Postby TheOstrich » 29 Apr 2017, 20:13

Well, at least the "phoney war" is now coming to an end, and both sides can settle down and start to negotiate the next stages. I sincerely hope we'll see an end to posturing from both sides, and something workable emerges at the other end. I am reasonably optimistic we'll see the latter. Both sides will need to compromise, and both sides need to understand that neither side should be humiliated.

Let's face it, the ball is entirely in the EU's court in this respect; if they want to humiliate the UK, well then fine, we'll walk. In those circumstances I would 100% support walking, and I think the majority of the UK would too. On the other hand, if the EU want to negotiate fairly, then we'll give them what they want and leave on good terms. And I would wholeheartedly support that.

All I want is an end to EU governance of this country's affairs, an end to the threat of creeping federalisation, and an end to unfettered immigration. It would be good to achieve this "nicely", but if it has to be "nastily", so be it.
User avatar
TheOstrich
 
Posts: 7582
Joined: 29 Nov 2012, 20:18
Location: North Dorset

Re: When I listen to Merkel, I wonder just who is

Postby Suff » 30 Apr 2017, 09:41

Workingman wrote:Barnier now has formal approval to negotiate to those guidelines. There are six headings and 26 points and a lot of them negate many of the things Leavers claimed, promised or threatened could not happen.


Yes, those 26 points are what the EU _needs_. Which is why they are on the negotiating list, because we don't _want_ them. This is the whole imbalance thing.

As for what the UK provides that the EU needs. Let's start with a few things. Services, we provide invisible services to the EU which they consume without even knowing we have provided them. We also provide technology in a very large part. Look at cars and look for the design centres for most car manufacturers. Whilst there will be a few people scattered here and there over the entire EU, the bulk of them are in the UK, thousands of them. That is pure money to the UK we don't need to import, we export it directly to the "manufacturers" in the EU. Stuff like that is not going away.

I said, right at the beginning of the whole thing that the UK exports things the EU needs but the EU exports things the UK wants. Want is subjective and tied to price and willingness to purchase. Need, on the other hand, can only be avoided at large cost.

Also let us take banking. Yes our EU banking makes up a part of the 12% of the UK economy. But don't be confused that the UK _only_ does banking for the EU, the UK is a world wide banking hub with huge clearing and lending. As was clearly identified when the EU was told they put the entirety of the €trillion and a half that the UK banking has lent to the EU states at risk if they damage our banking systems.

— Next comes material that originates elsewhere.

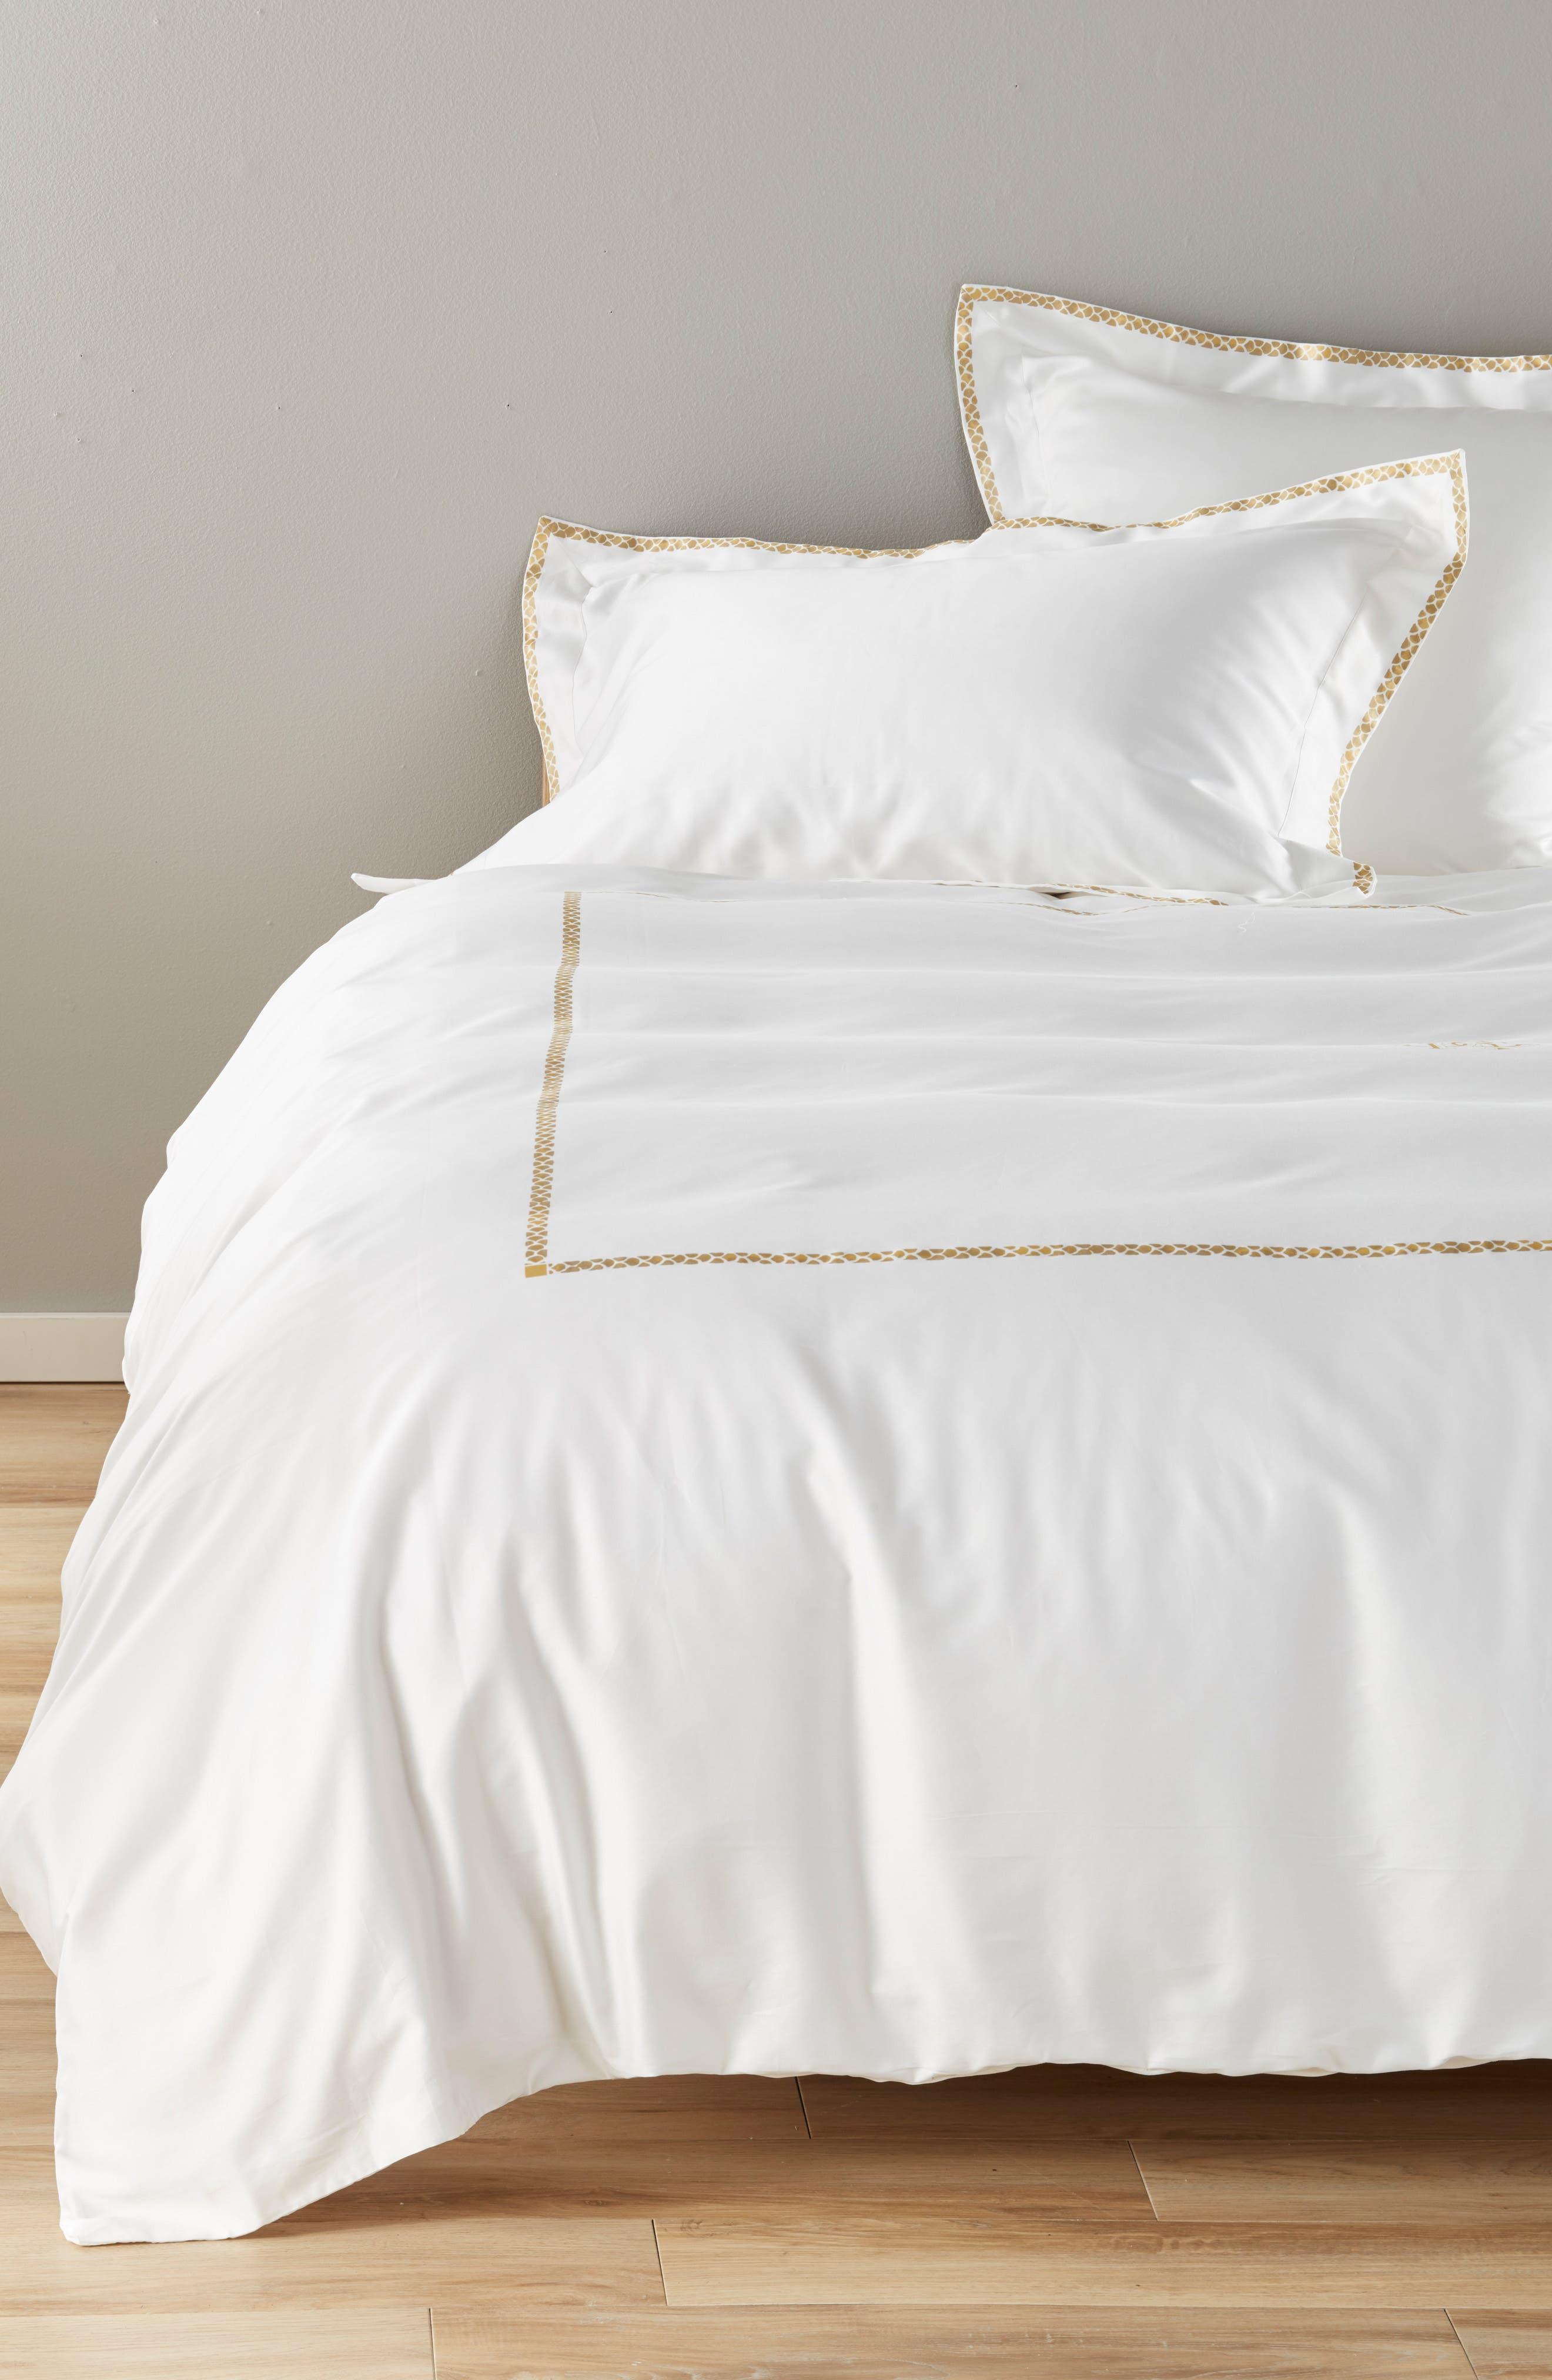 Roberto Cavalli New Gold Duvet Cover Size King  White

The Commonwealth of Nations has a net GDP of $14.8 trillion, on 2014 figures, it will be much higher now. The EU without the UK will be lower than that and that's just ONE of the opportunities which await our banking environments. Money we have been forced to restrict ourselves in how we handle it. Banking in the UK could, if handled properly, expand exponentially, out of the EU leaving the EU to either climb down or sulk and lick their wounds. I'd put my entire wealth on the latter.

The EU has decided it wants to have it's cake and eat it with the UK. My stance is the same as they told us about us also wanting to "have our cake and eat it". Especially as we never produced a list of 26 points which, essentially, said we wanted to stay in the EU without being in the EU. Which is exactly what the EU has just said by passing that (toilet), paper with a 26 point wish list.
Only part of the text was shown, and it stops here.